Attrition: Canada Recruits Couch Potatoes


November 1, 2006: Canada continues to have problems recruiting enough troops. Last Summer, some bureaucratic delays in the recruiting system were eliminated, but that wasn't enough. So now, physical fitness standards for applicants have been greatly reduced. Currently, about a third of otherwise qualified applicants cannot get into the armed forces because they cannot do the required 19 push-ups, 19 sit-ups, hand strength test and 2.4 kilometer timed run. Now, most of these applicants would be accepted, but turned over to a special training unit that would get them to the minimum standard, or wash them out, before allowing regular recruit training to start. The Canadians will also ease up on some of the background check requirements, and recruit more aggressively in minority communities. These moves won't reduce the quality of troops, but will cost the military more for additional training and recruiting efforts.

Despite aggressive recruiting over the last four years (which brought in 20,000 new troops), there was a net gain of only 700 in the force of 56,000. Canada is trying to increase its military manpower by 13,000. Compared to the United States (which has ten times the population), Canada has only about half as many troops, per capita, currently on active duty. Yet the United States, despite being at war, is able to keep their force up to strength.

The Canadian problem is political, and cultural, as well as bureaucratic. While the Canadian armed forces earned a reputation as tough and effective soldiers during the two World Wars and Korea, the country became less enthusiastic about supporting their military during the last few decades. This has reached the point where the troops feel resented and unwanted. Budgets were cut so much that Canada is a generation or more behind the United States in many categories of weapons and equipment.

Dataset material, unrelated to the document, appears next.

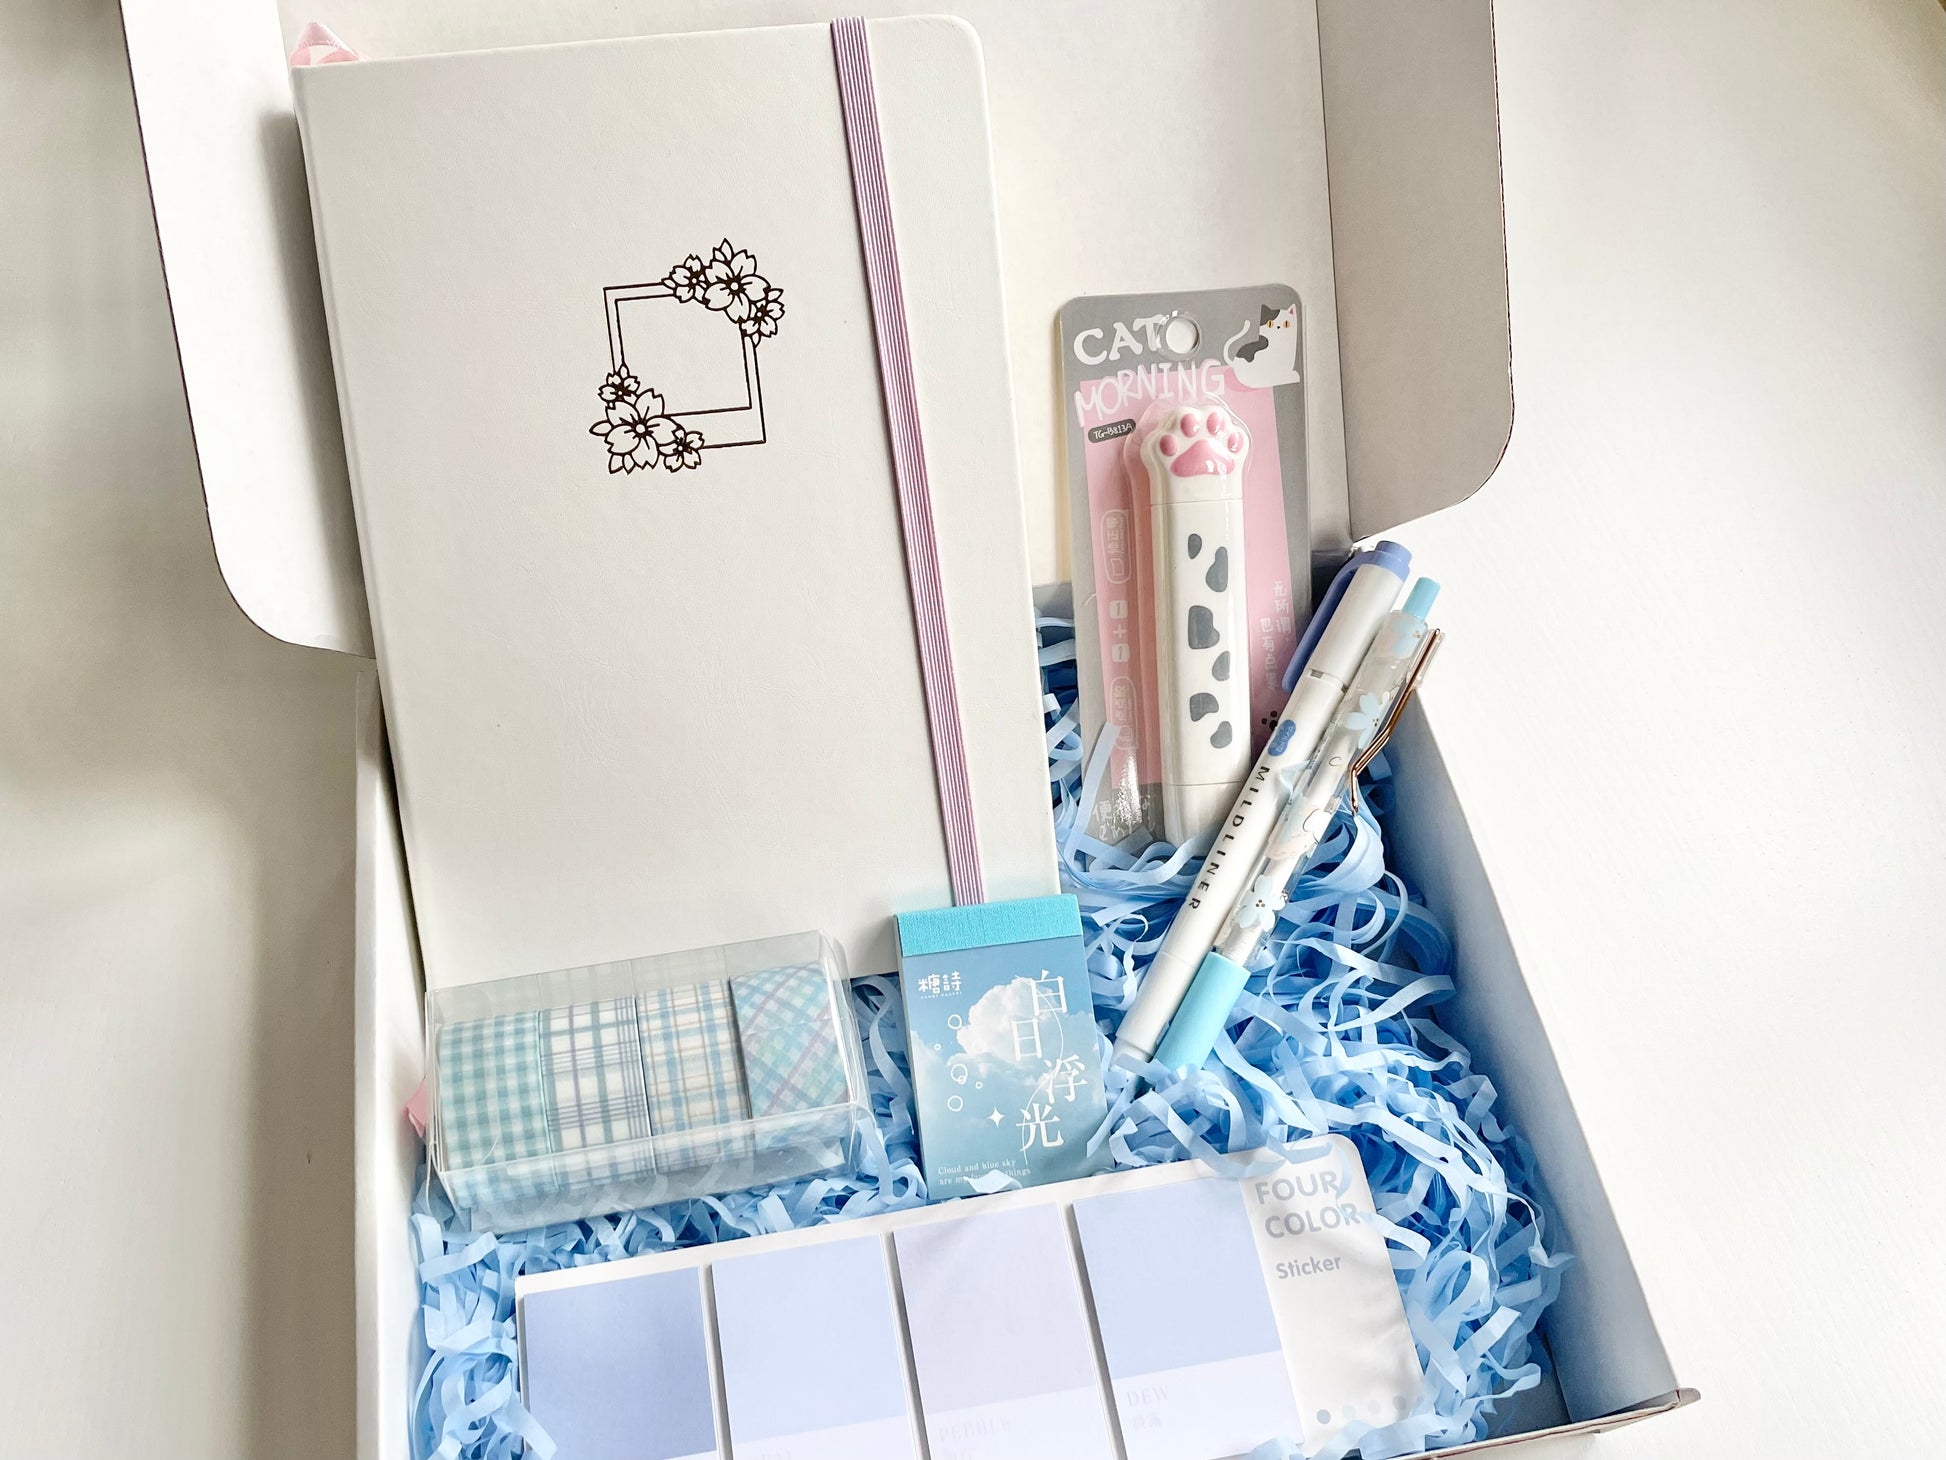 B'Nottee Bullet Journaling Kit – Packaging Of The World

Canadian soldiers have gotten a lot of work on peacekeeping missions, and saw combat in the 1991 Gulf War and in the 2001 Afghanistan campaign, where they distinguished themselves. Canadian infantry are currently fighting in Afghanistan as part of the NATO force. But for all that, the troops do not feel respected or appreciated in their own country, and this appears to be reflected in the recruiting numbers. Canada wants to increase military manpower by nearly a quarter, but more new ideas, policies and attitudes will be needed to carry that out. Conscription is not an option, as Canada has never used it in peacetime, and implemented it only with difficulty in wartime.